No pathways identified after HUMAnN

Hi,

I have shotgun metagenomic data and ran HUMAnN on it. After tweaking with available protein and nucleotide databases, I was able to get “Gene families and their abundance” table showing a lot identified genes (code mentioned at the end). However, “pathways and their abundance” table does not show any pathways (screenshot attached).

My questions:

  1. Is it normal to have only gene families and no pathways? Should I fix something?
  2. Is it reasonable to take only gene families and go through with the downstream analyses?
  3. Is it possible to use the gene families (GO:terms and their abudances) and construct the pathways using some other tools?

code for humann:

humann --input '/data/dnb09/galaxy_db/files/3/8/b/dataset_38b82fd0-9435-4483-9b72-870fb08df232.dat' --input-format fasta -o 'output' --bypass-prescreen  --nucleotide-database '/data/db/data_managers/humann/data/nucleotide_database/chocophlan-full-3.6.0-29032023' --nucleotide-identity-threshold 0.0 --nucleotide-subject-coverage-threshold 50.0 --nucleotide-query-coverage-threshold 90.0   --translated-alignment 'diamond' --protein-database '/data/db/data_managers/humann/data/protein_database/uniref-uniref90_diamond-3.0.0-13052021' --search-mode 'uniref90' --evalue 1.0 --translated-subject-coverage-threshold 50.0 --translated-query-coverage-threshold 90.0  --gap-fill 'on' --minpath 'on' --pathways 'metacyc' --xipe 'off' --annotation-gene-index 3 --log-level 'DEBUG' --o-log '/data/jwd05e/main/067/779/67779456/outputs/dataset_f849d124-f8cf-4bd9-93af-440aa2e0f1f7.dat' --output-basename 'humann' --output-format 'tsv' --output-max-decimals 10   --threads "${GALAXY_SLOTS:-4}" --memory-use minimum

Thanks,
Hussnain

Are you using HUMAnN’s default databases?
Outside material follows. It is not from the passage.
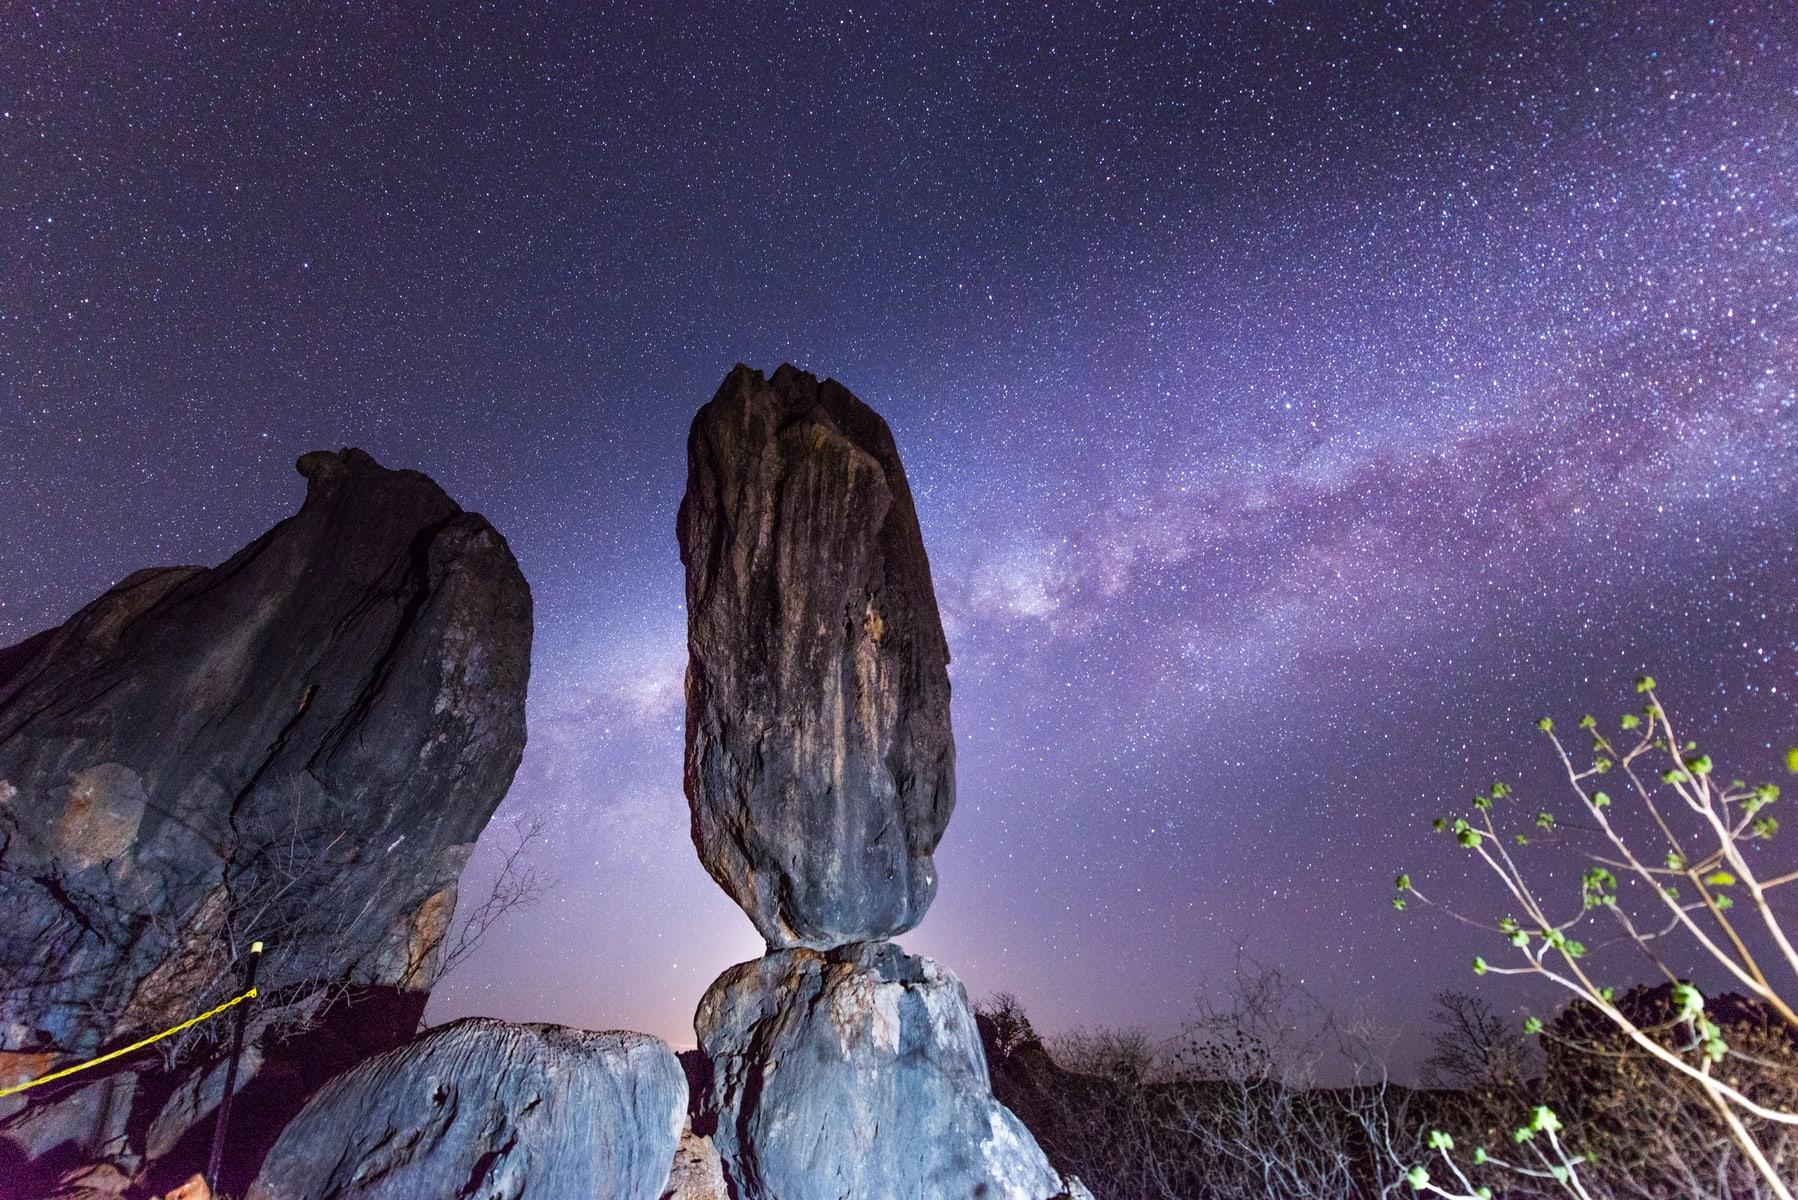 Starry night sky at the Balancing Rock in Chillagoe - Mareeba Shire

It is surprising to see no pathways, that is true. What environment is the community derived from? What sort of sequencing depth are you working with? Even if the gene output is non-empty, are there a lot of genes present (100Ks) or something smaller?

Thanks for the response,

I am using UniRef90 protein database and MetaCyc for computing pathways. I have UniPathways but it did not yield any pathways either.

I am working with Illumina shotgun sequencing data from cattle uterus. I don’t know what do you mean by sequencing depth and how can I find that out.

Yes, I get a lot of genes in the gene families table (screenshot attached


) and they can be renamed using Gene Ontology (which I am using right now). I am just trying to do enrichment based on the GO terms output and try to construct pathways (perhaps).

By sequencing depth I meant the number of sequencing reads in a single sample. For shotgun metagenomes it is usually on the order of 10s of millions. Is that what you’re working with here?

If I understand your screenshot, you are seeing ~4K genes, which is not a lot in the grand scheme of things (each species usually has a few K). It seems like you’re just not recovering a lot of gene diversity, either because of low read depth or because the sample isn’t well represented in our database. You can potentially try switching to UniRef50 to improve the latter problem.

Thanks Eric,

I just checked the depth of few of my samples and I have more than around 9-12 million sequencing reads in one sample (forward reads). I will also try using UniRef50 (2023) now.

That should be plenty of depth. If the issue is remoteness of homology, UniRef50 will help. You can also confirm that the reads have been properly QC’ed. Sometimes technical sequences left on the reads can prevent mapping.

Thank you. So, I tried UniRef50 and now I have fewer gene families but do find few pathways. The screenshot summary for both is attached here. Also, I checked the QC of my sample after removing host sequences and it does not seem to have any problems (summary attached).

I am working on EU server where I have problems with Chocophlan database. So, all the output I am sharing is a result of --bypass-prescreen input.

Thanks again for your help. And apologies if my questions are too stupid.